Hi-tech gadgets are particularly at risk, so try not to flaunt your latest phone or camera too much or you may draw attention to yourself. 

In comparison to other Latin American countries though, Havana is quite safe for pickpocketing.

However, that doesn’t mean that you shouldn’t make sure you’re aware of where your belongings are at all times.

Do not leave anything valuable unattended, or it’s not very likely to be there by the time you retrace your steps.

Bag snatching can also be common sometimes in Old Havana or on public transport, so try to keep a hand on it at all times. 

Natural Disasters – Low

It is unlikely that you’ll be faced with a natural disaster while in Havana, but nothing can ever be truly guaranteed.

If you are particularly anxious about natural disasters striking, avoid visiting Havana during the hurricane season when there is a small chance of earthquakes or tsunami waves.

As stated earlier, it is unlikely that this will happen, but if it does you must follow the local authorities’ advice. 

Muggings – Low

It is quite unlikely that you will get mugged, as previously mentioned, there are very harsh penalties set in place for crimes committed against tourists.

However, muggings and kidnappings do still take place in Havana, and there is the (slight/unlikely) possibility of becoming a victim by accident.

You should always take extra care while out in Havana at night time. Do not ever stop for a hitch-hiker while away as there is a reputation for 

hitch-hiker attacks.

Terrorism – Low

Recently, there have been no recorded terrorist attacks in Cuba, so it’s unlikely that this is something you’ll find yourself caught up in.

However, terrorism is a threat that exists globally so you must always be vigilant.  

Scams – High

Scams are something you must stay extra vigilant with during your visit. There are many popular scams in Havana. Some to watch out for are the following

  • Renting a car – Many rental companies will accuse you of damaging a rental car even when the car returns in perfect condition. 
  • Cigars – Only buy Cuban Cigars from official shops or it’s likely you’ll be paying for a fake cigar. 
  • Credit Cards – There are a few credit card scams out there so be careful with your information – do not share it with anyone. 
  • Taxis – Only book with registered taxis. 

Women’s Safety Risk – Low

Great news for women travelers is that the risk to your safety is very low. There is pretty much no gender discrimination in Cuba and little sexual harassment.

Of course, you should always be vigilant as always. But most comments about beauty from the locals are genuine and Havana is almost trouble-free when it comes to female visitors. 

Final Thoughts

So how safe is Havana? It’s pretty safe for tourists.

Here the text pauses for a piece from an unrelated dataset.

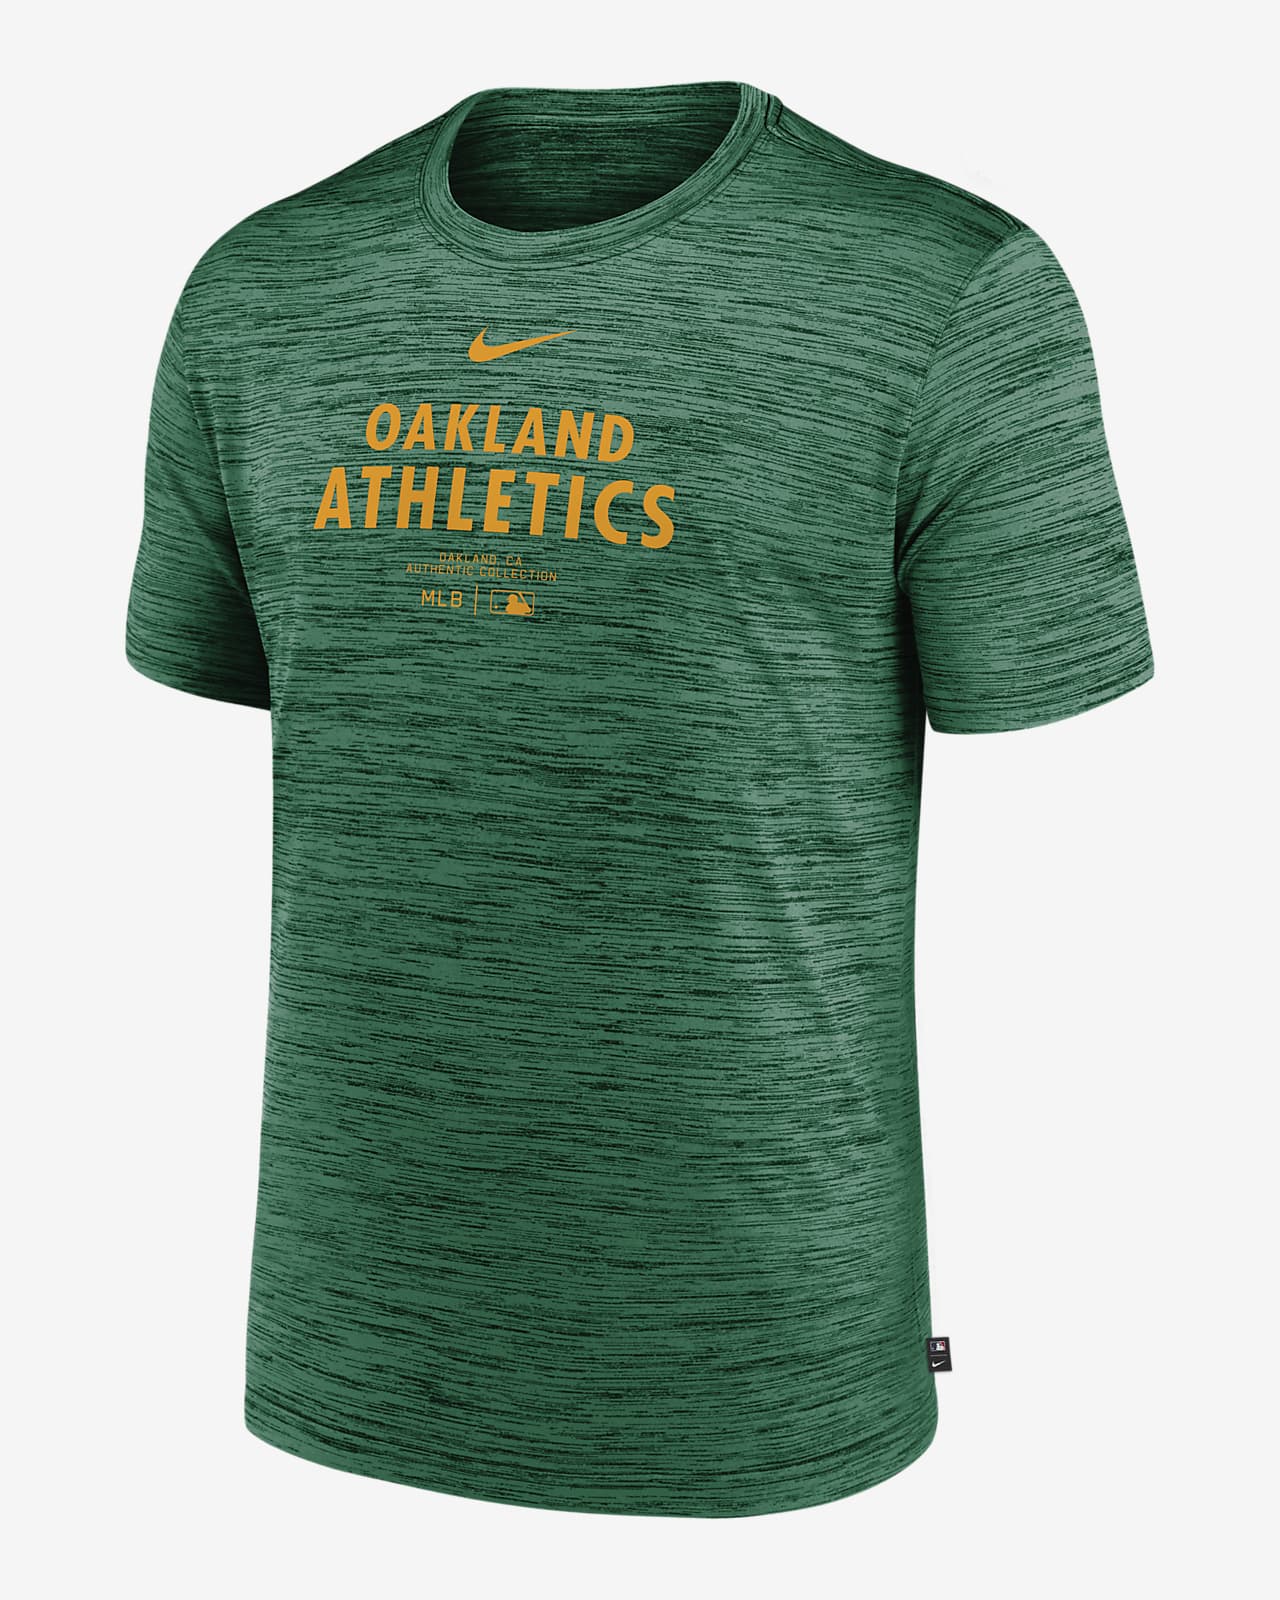 Oakland Athletics Authentic Collection Practice Velocity Men's Nike Dri-FIT MLB T-Shirt
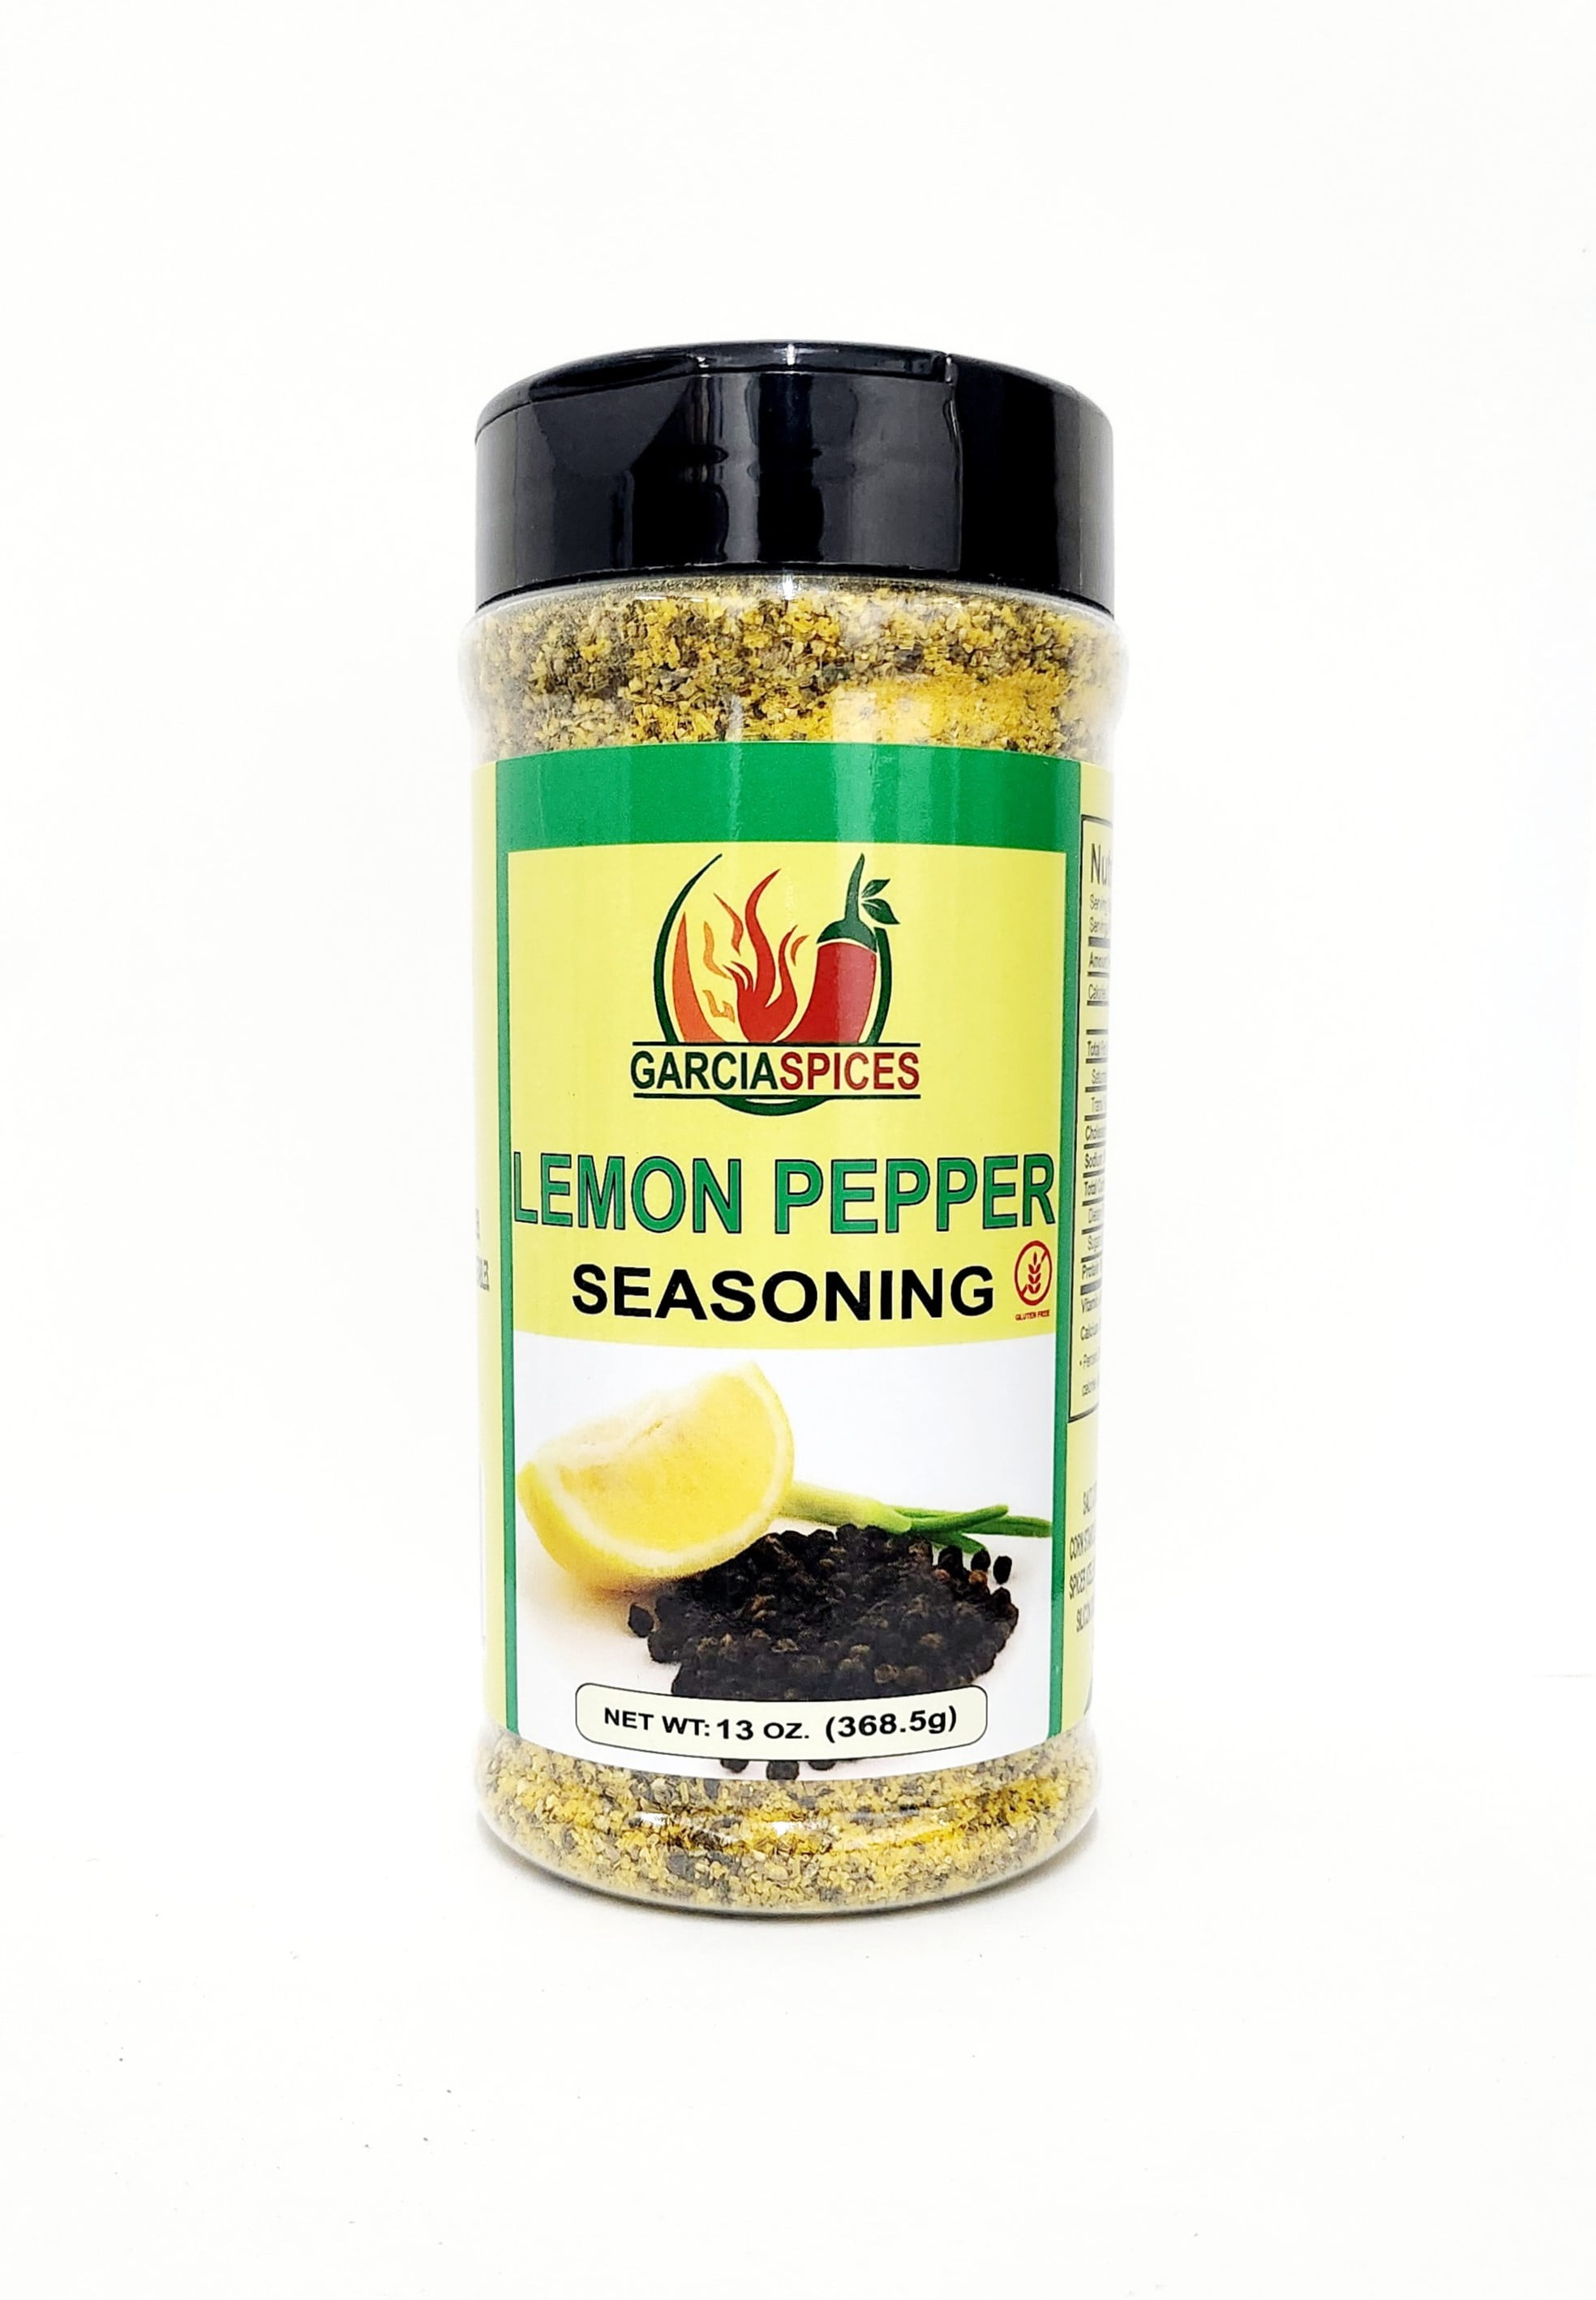 Kinder's No Salt Lemon Pepper Seasoning - 2.6 oz

It may be a little different for locals but in tourist destinations, especially those such as the capital of Cuba, tourists are very safe.

After all, the city depends on its tourism sector and so it’s not going to do anything to jeopardize the industry.

There are plenty of Cuban police officers on the streets of Havana, especially throughout the day.

And if locals are caught committing crimes against the visitors, they will be given very harsh sentencing which also helps to reduce crime in the city. 

However, with that being said, all cities come with some dangers and risks, and Havana is no exception.

You will want to take extra care of your belongings because if you misplace them for just a second it is likely that they will be snatched away.Y

ou should also always keep your credit card well out of sight and never share any of your details with any locals, no matter how friendly they may seem.

But for the most part, using common sense in the city, as you would with any other will keep you out of danger during your travels. 

Take care at nighttime, and never walk alone, as is standard practice with most unknown places that you go to. 

Other than that, there’s not much left to do, other than to enjoy your trip. And whether you spend that time soaking in the culture, the sunshine or both is completely up to you.

Either way, I’m certain you’ll have a great time and come back with many stories to tell.